Where Seldom is Heard a Discouraging Word

April 15, 2010

Deer and antelope really can play together.

Even occasional readers of these virtual pages are aware that conventional reviews are not their métier. While we are not exactly living in a golden age of the reviewer’s art, I do not consider that the greatest lack that we labor under, nor do I feel it my vocation to fill that breach. What I reckon there is a market for is something for which I’m much better suited: that of the enthusiast — a relatively informed enthusiast, it is to be hoped, but a nonetheless energetic pointer-outer of good stuff.

In that vein, I want to point to two events last week that gave me various kinds of hope. First was a night at Zankel Hall in celebration of the 4Oth anniversary of the invaluable Oral History of American Music project at Yale. That phenomenon has been singled out here before, but now we had a deftly-concocted concert that combined the virtues of the recorded, spoken medium with the live means of a concert. When you have more-than-life-sized images of Leonard Bernstein being, yes, an enthusiast for Aaron Copland’s Piano Variations on a sofa beside their beaming composer, then immediately lights go up on a piano and pianist who deliver a vivid performance of the work … well, this is very valuable indeed. Most of the evening went that way, and there were many highlights. Those highlights are detailed in the review already given in the New York Times.

The Yale University School of Music, which is home to the OHAM and some of whose students, faculty, and alumni gave the concert, is the only conservatory in the Ivy League. Founded in 1894, it first provided one-year professional finishing for the men who had already concentrated on music in Yale College, and it certainly turned out a good many remarkable musicians who were oriented to both the liberal arts and to the creation or execution of music. The first name to come to mind in that connection was also the first subject of the OHAM, Charles Ives. But, as time went on and as even women were accepted into its courts, the school became a small and select conservatory and is now the only American one besides the Curtis Institute that doesn’t charge fees for instruction. Bard College, which has its own claims to distinction, has decided to make the idea of a liberal-arts grounding paired with musical professionalism its own. It is a courageous thing to found such a program in these times. Oberlin College and its Conservatory have cultivated that ground (as well as having pioneered coeducation) for more than a century and a half, their Conservatory being the oldest continuing one in the country. So starting something new along these lines is a brave thing.

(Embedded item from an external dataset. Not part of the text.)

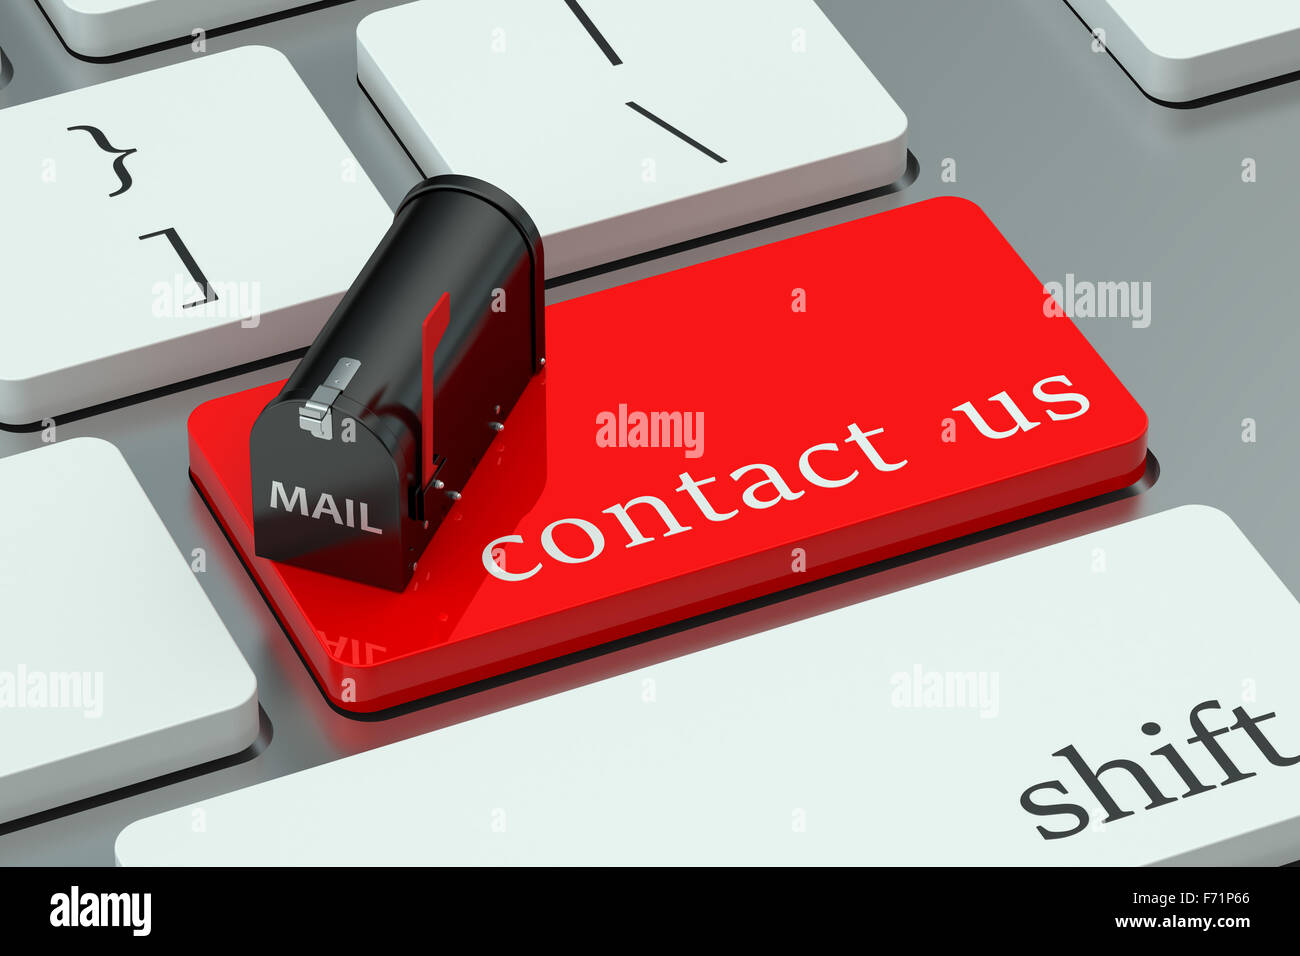 Contact us, red hot key on the keyboard Stock Photo
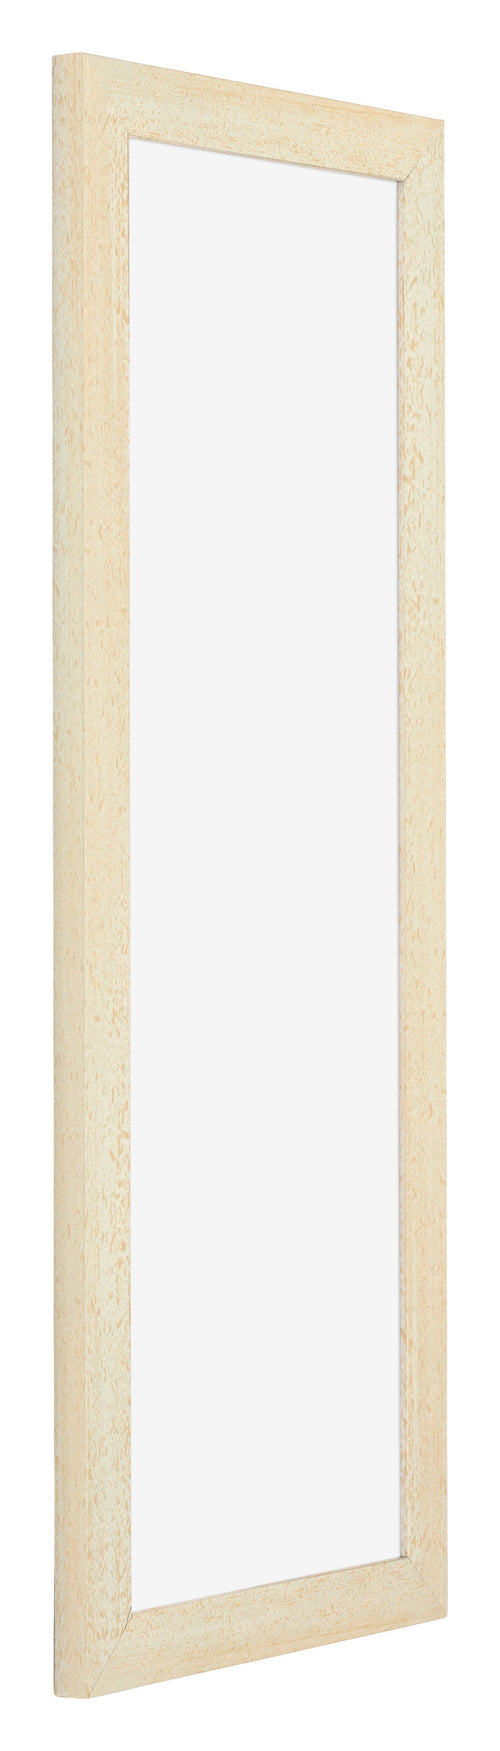 Mura MDF Photo Frame 20x60 Sand Wiped Front Oblique | Yourdecoration.com

The aims and the likelihood that the new Bard College Conservatory of Music will achieve them were, if we’re all lucky, exemplified by the performance of George Perle’s magnificent Concerto No. 1 for Piano and Orchestra by Melvin Chen. Dr. Chen, who also is Associate Director of the Conservatory, is a Ph.D. in chemistry (Harvard), holds two master’s degrees from Juilliard (in piano and in violin), having earlier received a Yale College degree in chemistry and physics. The work, from 1990, was conducted in a remarkably wide-awake fashion by the well-known President of Bard, whose own diversity of gifts and practice need no praise from me. But, lest other virtues of the concert by this already-remarkable orchestra be insufficiently emphasized, I point to another Times review.

In that same paper today, there is a feature article on a seemingly unrelated topic that nevertheless comes to mind here. It details the exploits of a journalist who disobeys prime statutes of the field, since he participates in and promotes, rather than objectively “covering,” the social life that surrounds the international world of fashion. Like this blog, he doesn’t claim any responsibility to expose all aspects of what he sees and hears: “I don’t lie,” he says. “I just try to find what was positive and only speak about that.” I know just what he means.